Science agent and 4–H event coordinator Janice McDonnell welcomed 25 students between the ages of 10 – 13 years, who arrived from nearby locations and as far away as Bergen, Somerset, Mercer, Middlesex, Warren, and Hunterdon counties.
During a plenary presentation Debashish Bhattacharya explained why Coral Reefs are an important ecosystem and their economic significance to mankind. The students learned about the major threats like coral bleaching, which occurs when warm water leads to expulsion of the algae that live inside the calcium carbonate skeleton, and can lead to coral death. The students learned that analysis of the coral genome uses information from the coral's entire DNA to figure out how they live, how they deal with stress, and today as the focus, how polyps build their stone houses (corallites) that make up reefs; that is, do biomineralization. Dr. Bhattacharya also talked about the importance of scientists making collaborative efforts to get answers to complex questions.
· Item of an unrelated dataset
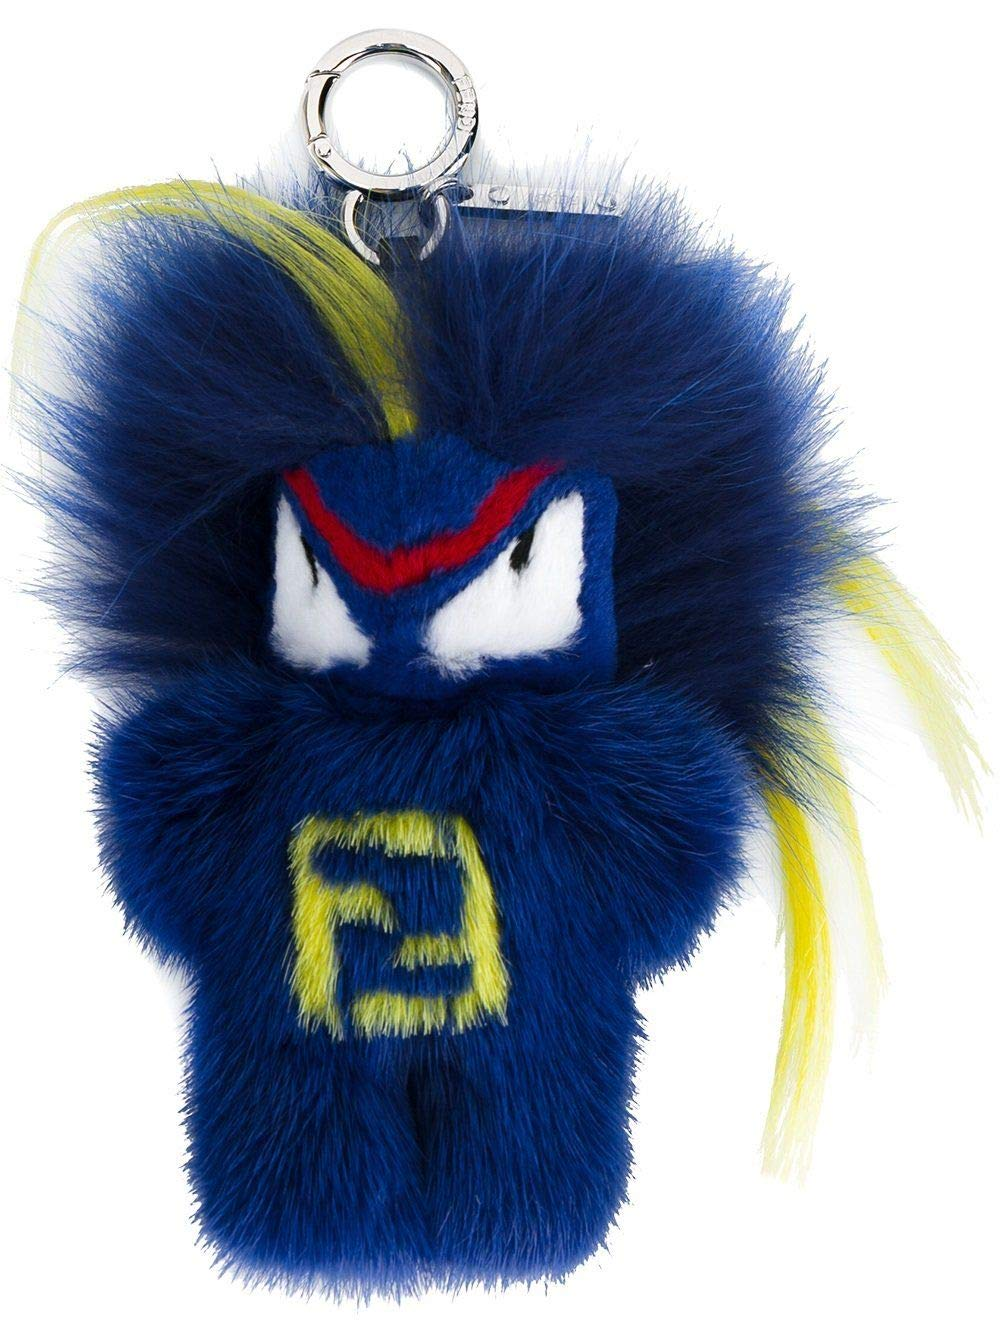 Fendi Women's 7Ar5249cjf05xg-Mcf Blue Leather Key Chain

Graduate student Alexander Shumaker led an experiment where students tested the effect of water acidity on calcium carbonate (in the form of chalk). Coral skeletons are made of another form of calcium carbonate referred to as aragonite. While waiting for the results of their chemical reactions, the students learned basic terminology and concepts in bioinformatics.
Starting with DNA sequencers and databases to software tools that help to analyze and compare patterns of gene occurrence in genomes. Alex presented photos from his doctoral expedition where he collected samples from coral reef sites, and how the samples need to be preserved so they could eventually be used for genome analysis in the lab. Concluding this session the students went on a lab tour where they became familiar with each necessary step along the way from holding a sample to preparing scientific data for publishing (e.g., view Montipora capitata samples in a -80 refrigerator, wet bench preparations, the sequencing machine).
In a parallel session, research associate Huan Qiu and graduate student Fatima Foflonker led the students to a computer room.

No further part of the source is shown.